● Directions for this task: Could you retype the lines below, starting at the line holding "We always had" and stopping at the line holding "3-PACK OF BASIC BOXERS - Navy blue", inclusive? Copy them exactly and drop the images.

● Given data:

BEGIN

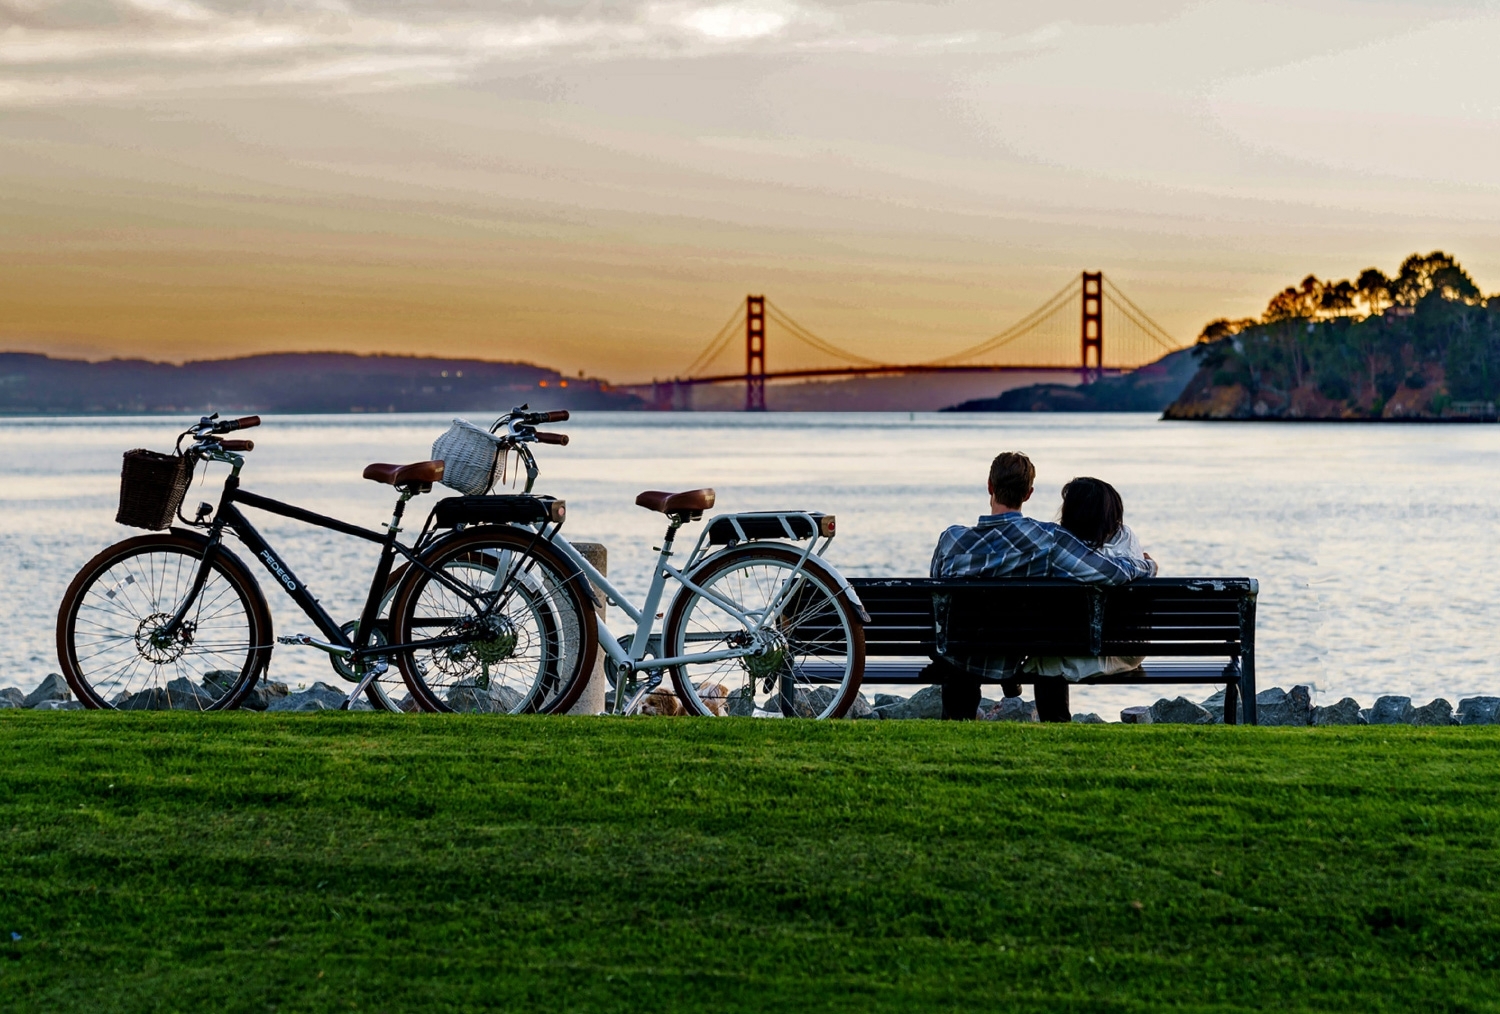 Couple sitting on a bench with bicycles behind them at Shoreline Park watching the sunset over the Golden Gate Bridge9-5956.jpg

END
BEGIN

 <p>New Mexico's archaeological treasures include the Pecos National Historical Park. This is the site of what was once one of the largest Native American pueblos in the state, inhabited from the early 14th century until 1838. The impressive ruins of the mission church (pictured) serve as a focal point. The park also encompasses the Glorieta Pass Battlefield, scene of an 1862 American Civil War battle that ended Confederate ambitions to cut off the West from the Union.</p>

END
BEGIN

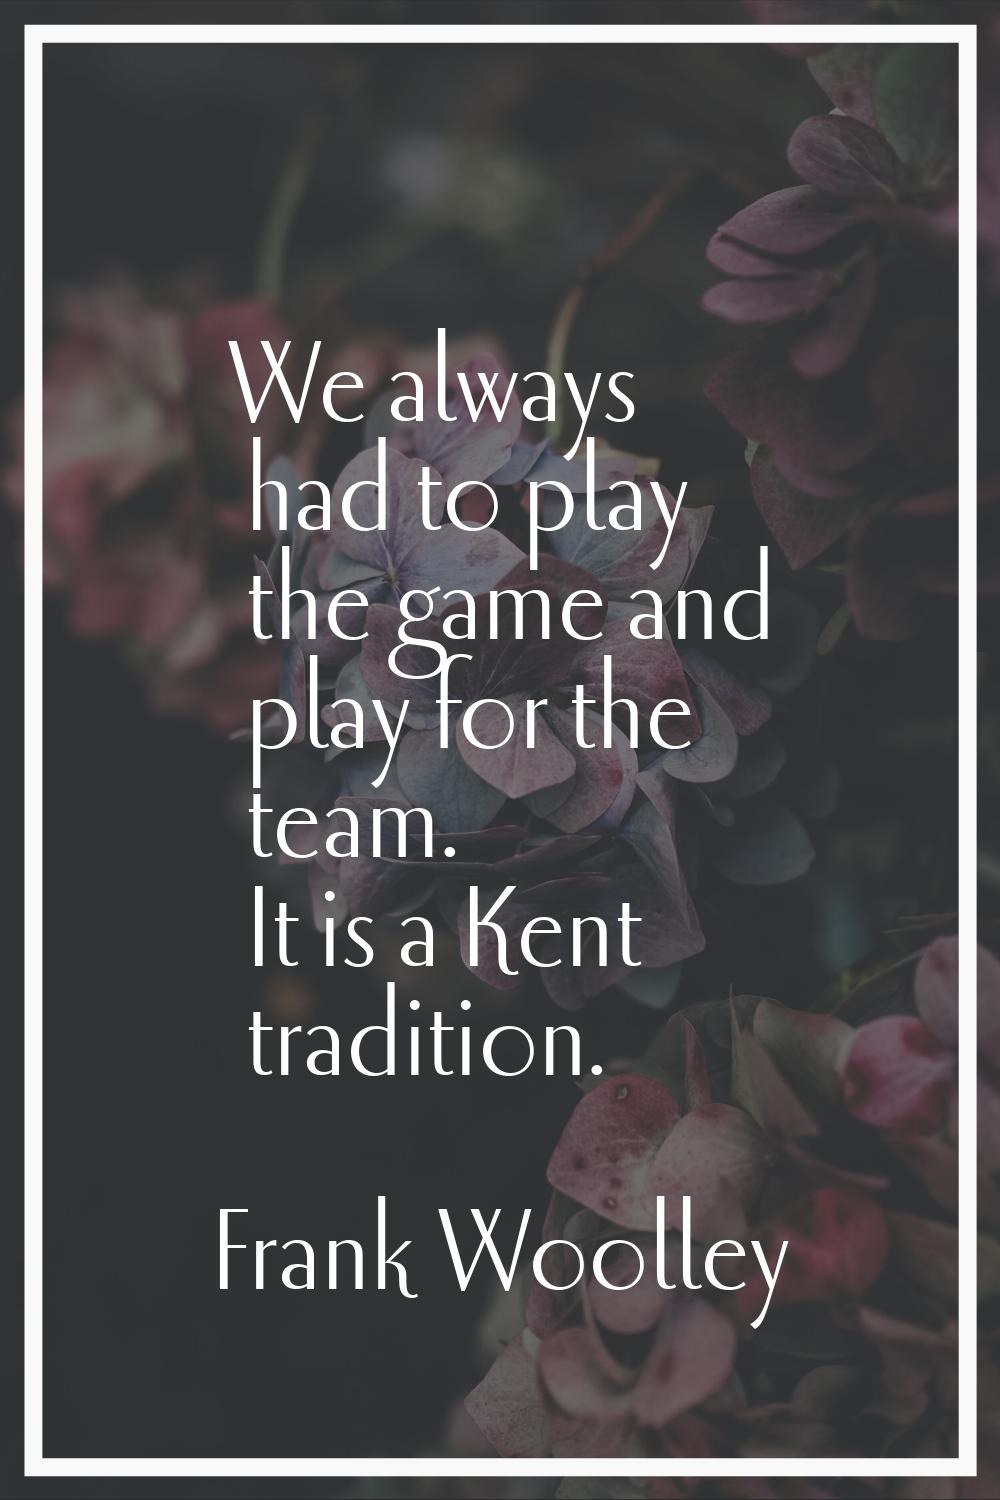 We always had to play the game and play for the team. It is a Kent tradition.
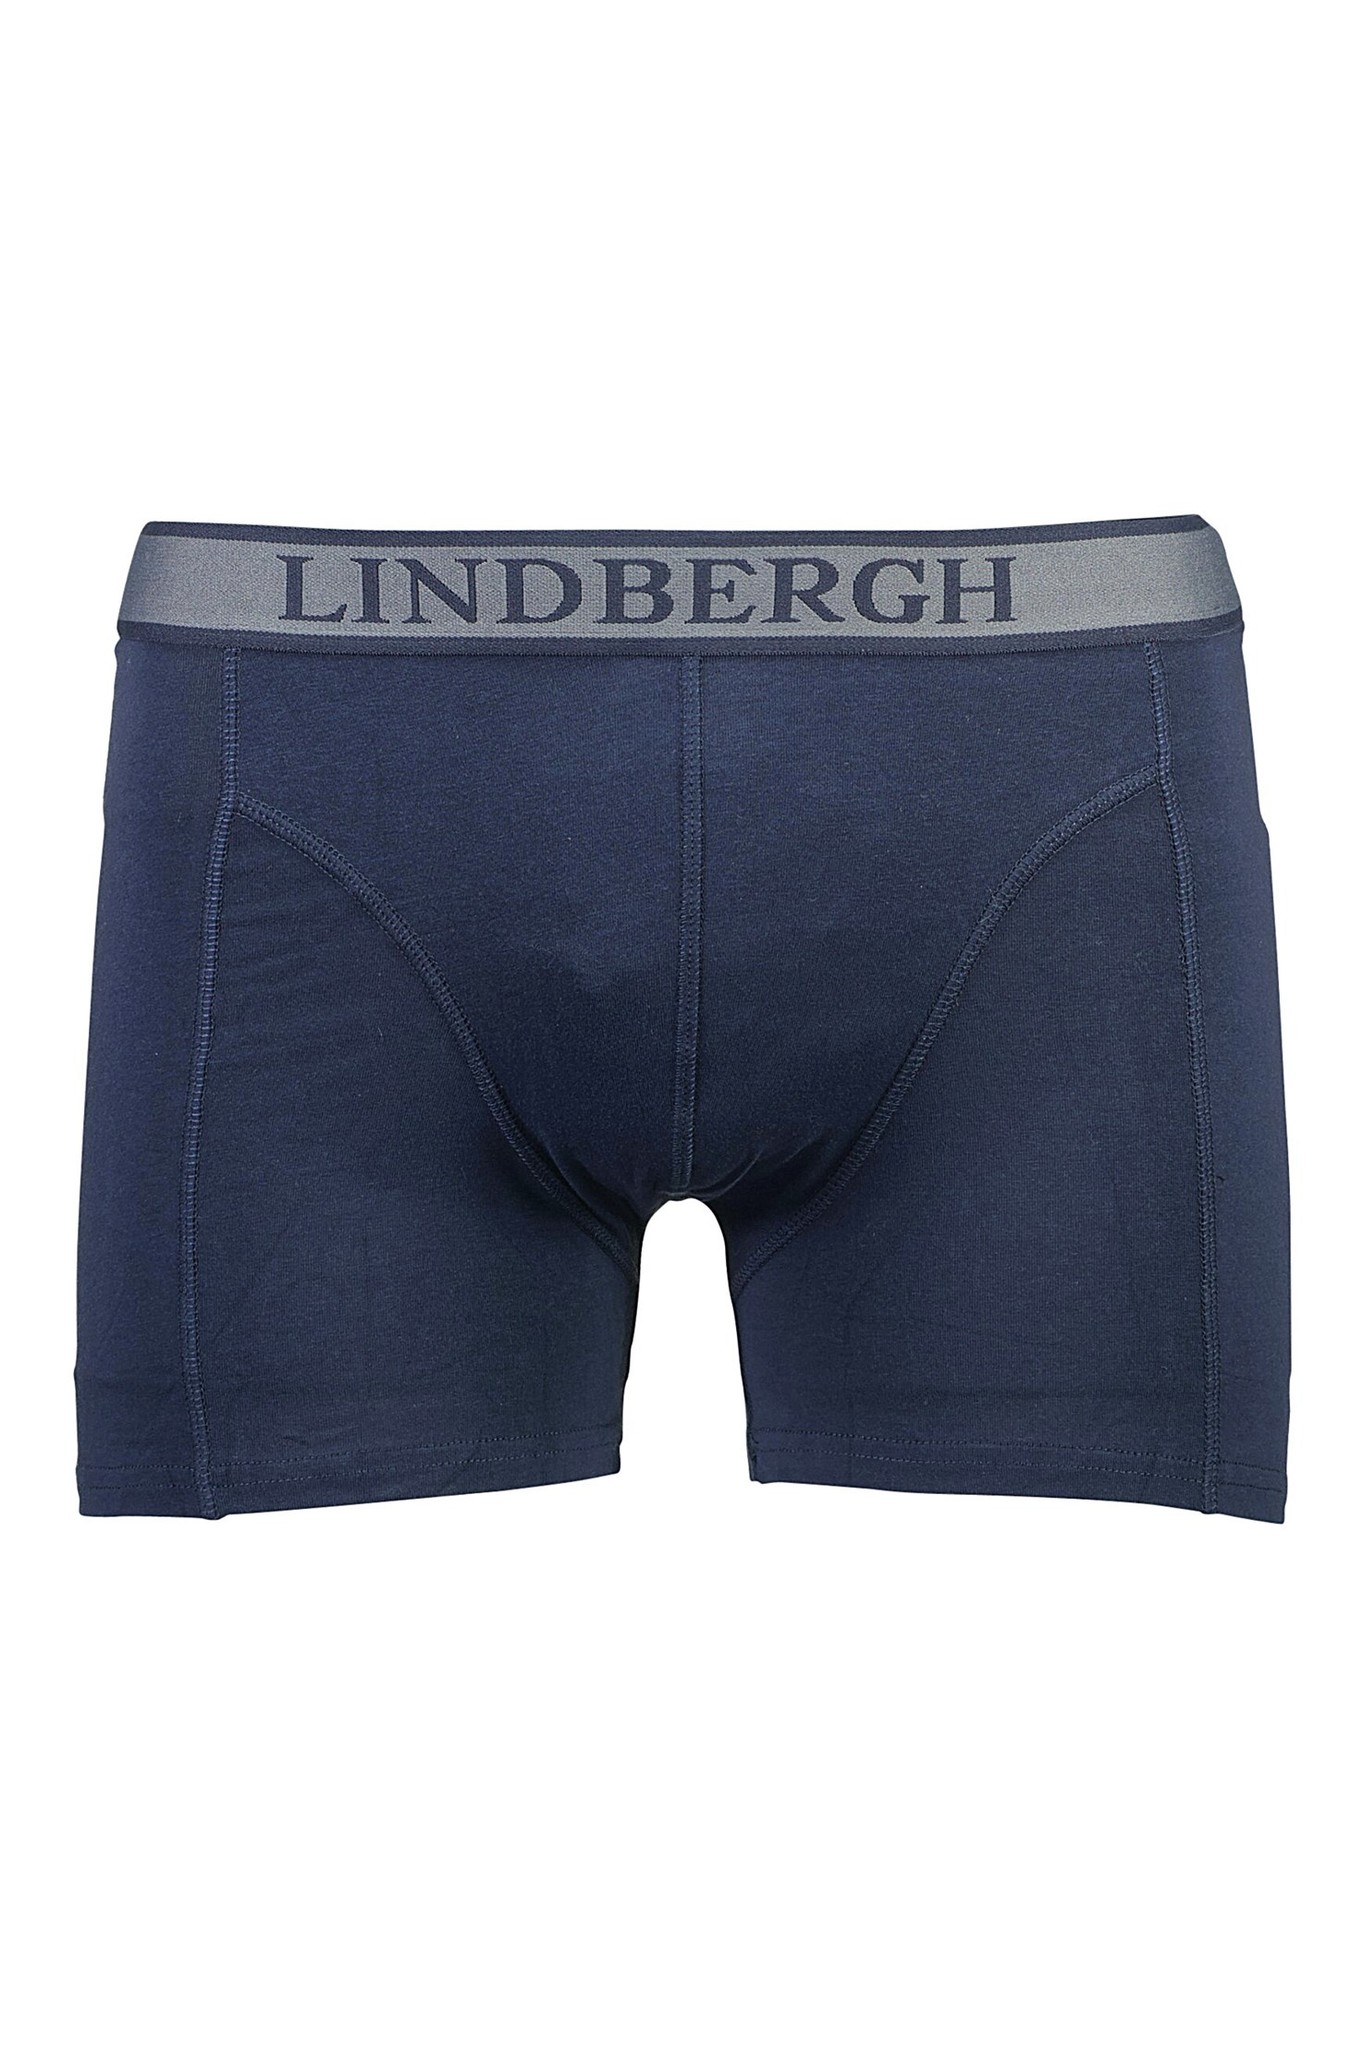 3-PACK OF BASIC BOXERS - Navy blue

END

● Result:
 We always had to play the game and play for the team. It is a Kent tradition.
 3-PACK OF BASIC BOXERS - Navy blue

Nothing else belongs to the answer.